B. The ρ-VEX VLIW processor
The ρ-VEX is a configurable (design-time) open-source VLIW softcore processor [8] . The ISA is based on the VEX ISA [11] . Different parameters of the ρ-VEX processor, such as the number and type of functional units (FUs), number of multiported registers (size of register file), number and type of accessible FUs per syllable, width of memory buses, and different latencies can be changed at design time. Figure 1 depicts the organization of a 32-bit, 2-issue ρ-VEX VLIW processor implemented in an FPGA. The ρ-VEX processor consists of fetch, decode, execute, and writeback stages/units. The fetch unit fetches a VLIW instruction from the attached instruction memory and splits it into syllables that are passed on to the decode unit. In the decode unit, instructions are decoded and the register contents used as operands are fetched from the register file. The actual operations take place in either the execute unit, or in one of the parallel branch or control (CTRL) or load/store or memory (MEM) units. Arithmetic logic unit (ALU) and multiplier (MUL) operations are performed in the execute unit. All jump and branch operations are handled by the CTRL unit, and all data memory load and store The ρ-VEX processor is utilized as a base processor in the design of our dynamically reconfigurable processor.
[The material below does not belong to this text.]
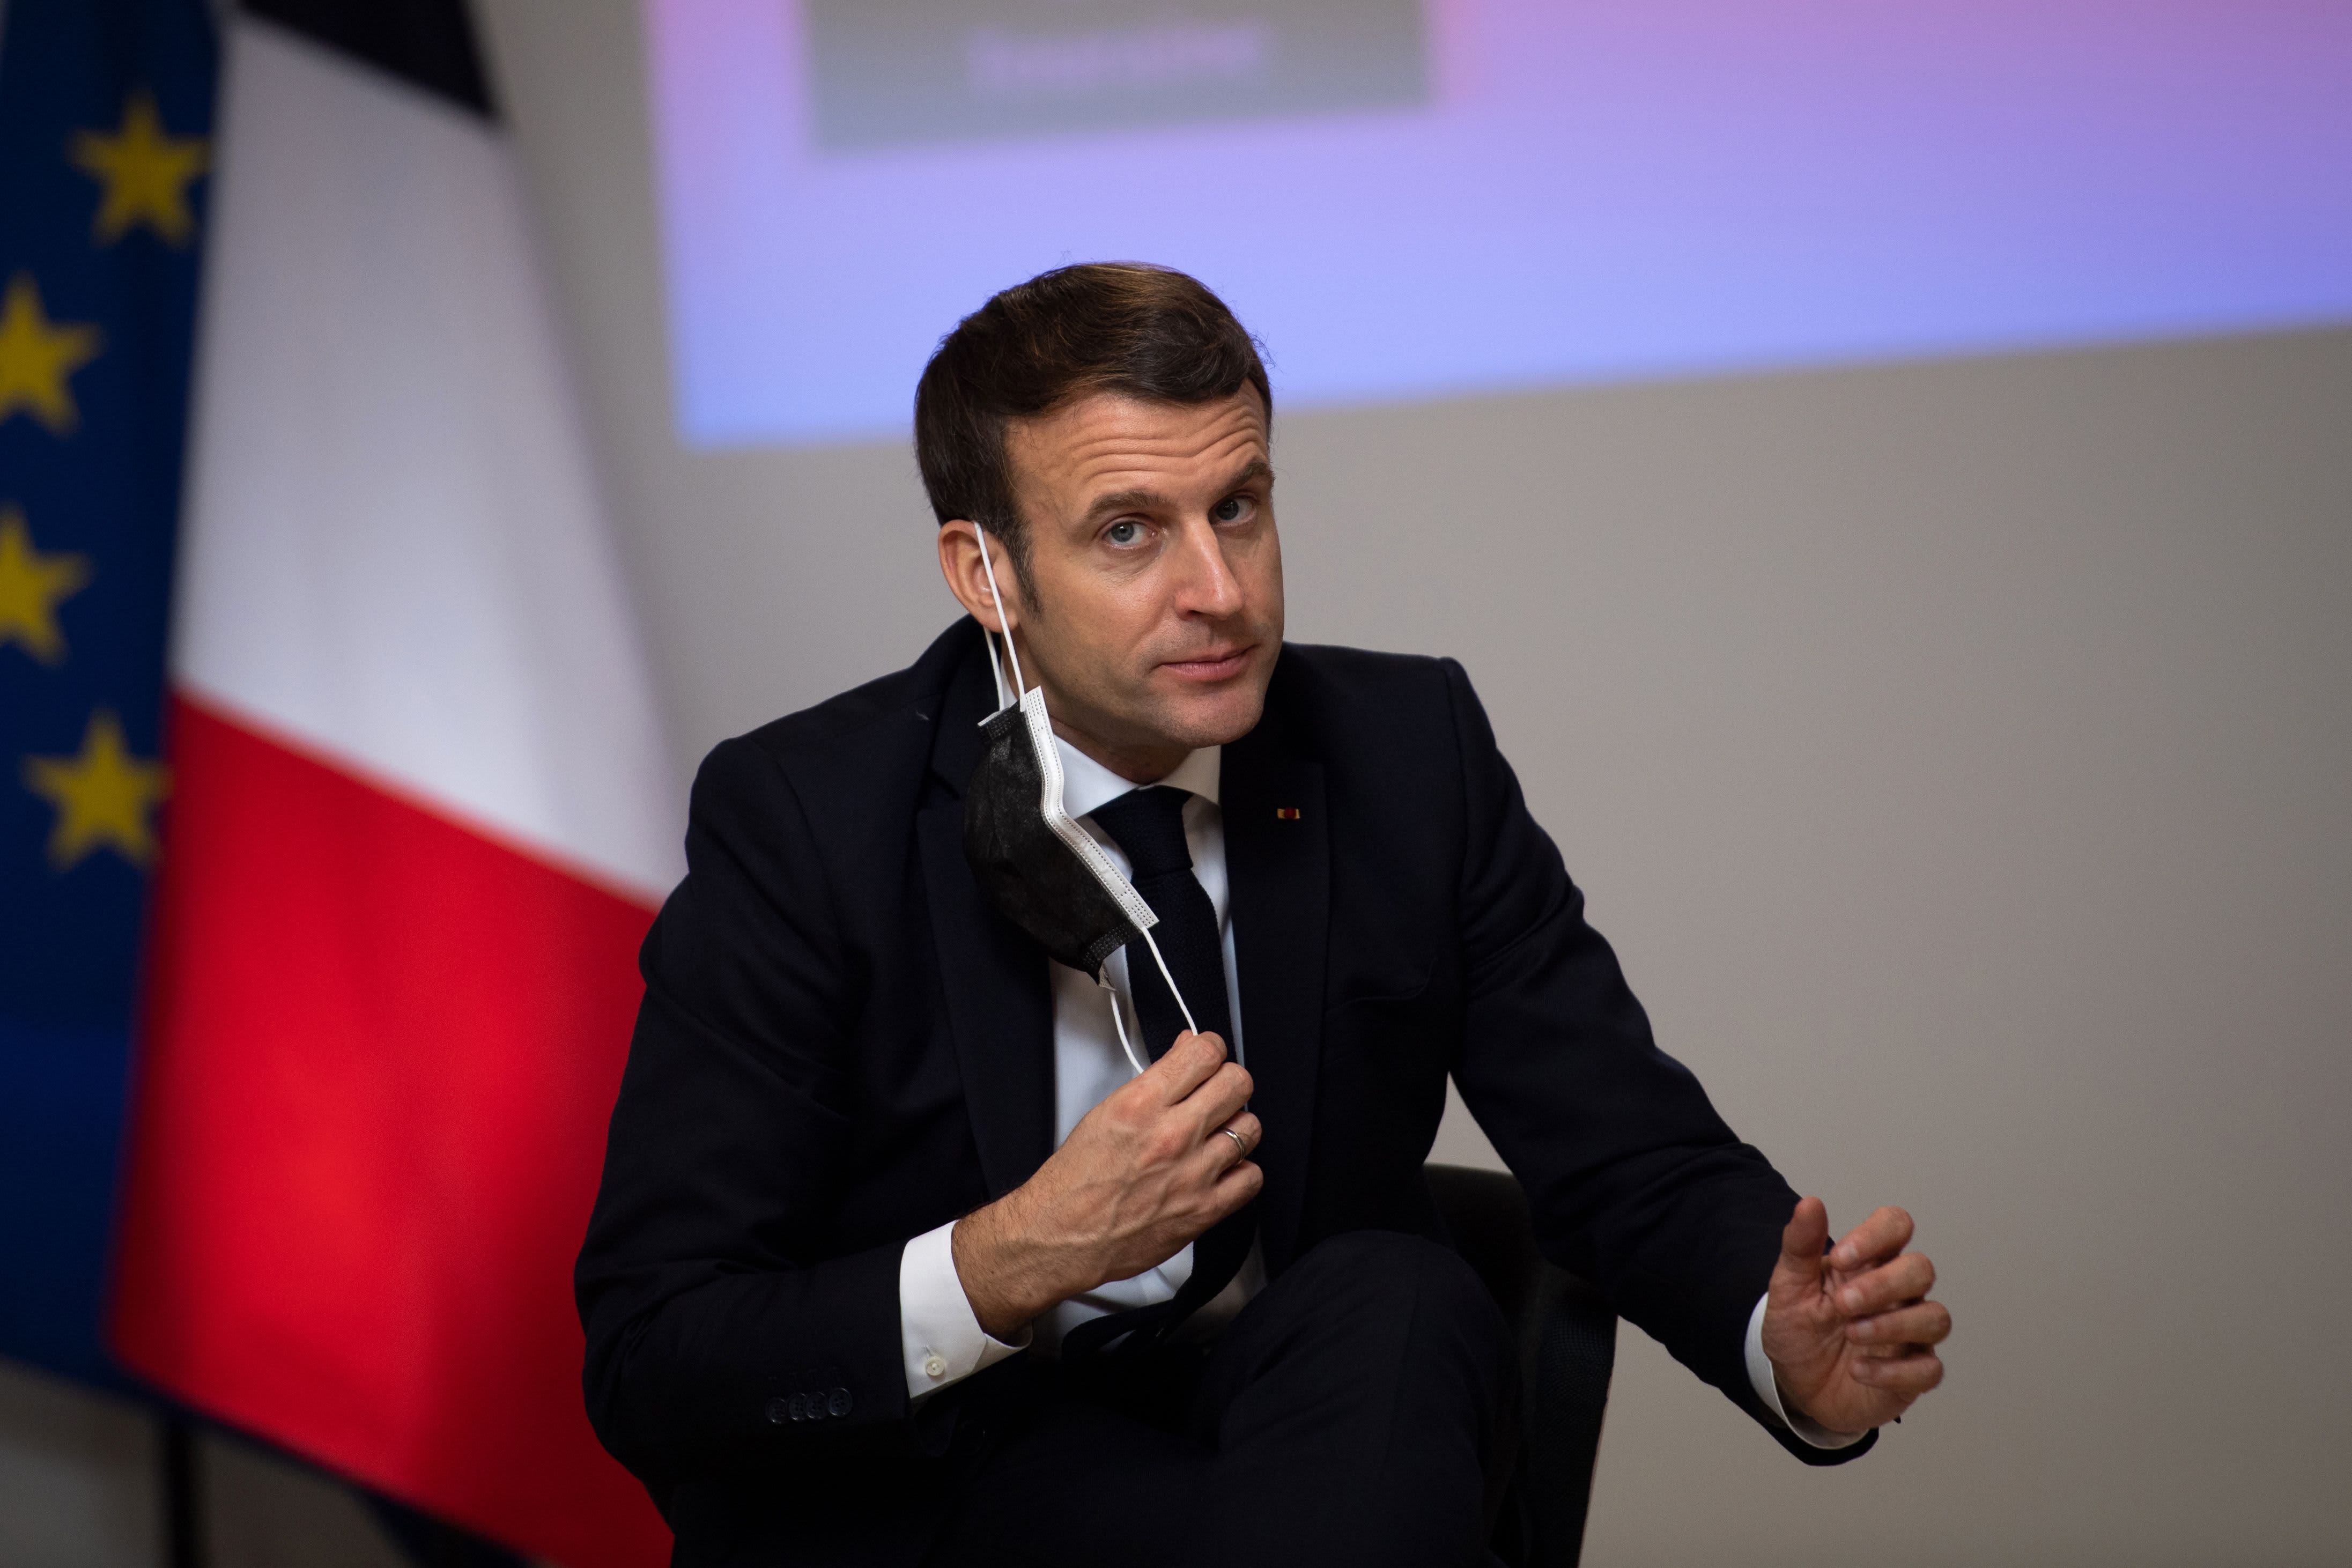 The launch could hurt Macron’s chances of re-election

IV. DYNAMICALLY RECONFIGURABLE PROCESSOR DESIGN
In this section, we present the design of our reconfigurable processor. Figure 2 depicts the issue slots in our processor system. Each 2-issue machine has two ALUs and two MULs. There is also a MEM unit as well as a CTRL unit. A 4-issue machine has double the resources of a 2-issue machine except that only one of the CTRL units is utilized when the two 2-issue cores are combined. A signal called as the issue_ctrl helps in controlling the issue-width of the processor. When this signal is low, the two 2-issue cores can be utilized independently. When this signal is high, the two 2-issue cores are combined and they behave like a single 4-issue machine with double the resources of a 2-issue machine. If any of the two 2-issue cores is not utilized by an application, it can be taken to a lower power mode by turning off its source clock. In this way, the dynamic power consumption of that core is reduced resulting in a reduced total power consumption of the system. The signal power_ctrl is utilized for gating off the source clocks of the two 2-issue cores for power control. The signals issue_ctrl and power_ctrl can be controlled by some higher level controller or scheduler, which will also handle the reconfiguration process.
Each core (2-issue or 4-issue) consists of different units, namely fetch, decode, execute, and writeback as depicted Figure 1 . For the purpose of making the processor runtime adjustable, we divided these units into two sections, namely frontend and backend, as depicted in Figure 3 . The frontend consists of the modules which needs reconfiguration/adjustment in order to combine or split the issue-slots. It includes the fetch, decode, writeback, general-purpose register (GR) file and the branch register (BR) file. The backend consists of the execution units which do not require reconfiguration when switching from two 2-issue cores to one 4-issue core or vice versa.
A. Frontend
The frontend of our reconfigurable processor is reconfigured/adjusted at run-time for changing the issue-slots of the processor. It consists of the fetch, decode, and writeback units, and the multiported general-purpose register file and the branch register file. Out of these five modules, the decode unit is the only module that is reconfigured by loading a partial bitstream to switch between two 2-issue cores to one 4-issue core or vice versa. The other four modules are controlled by the issue_ctrl signal, and they do not require a partial bitstream to reconfigure/re-adjust. This is done in order to minimize the number of resources to be reconfigured and hence minimize the size of the partial bitstream. This resulted in reduced configuration time as well as reduced memory storage for the partial bitstreams.
1) Fetch Unit:
A 2-issue fetch unit simply splits the incoming long instruction into two syllables (instruction (32-bit) for individual execution unit), and then passes them to the decode unit. Therefore, two 2-issue fetch units can be stacked together to form a combined fetch unit to behave like two independent 2-issue fetch units or one 4-issue fetch unit. Each 2-issue fetch unit has a program counter (PC). The only subunit of the fetch units that need to be altered/reconfigured is the PC. If the combined fetch unit is to be utilized as two independent 2-issue fetch units, the two program counters are running independently. If the combined fetch unit is to be utilized as a single 4-issue fetch unit, only one of the program counters is running and the other one is stopped. The issue_ctrl signal is utilized for this purpose.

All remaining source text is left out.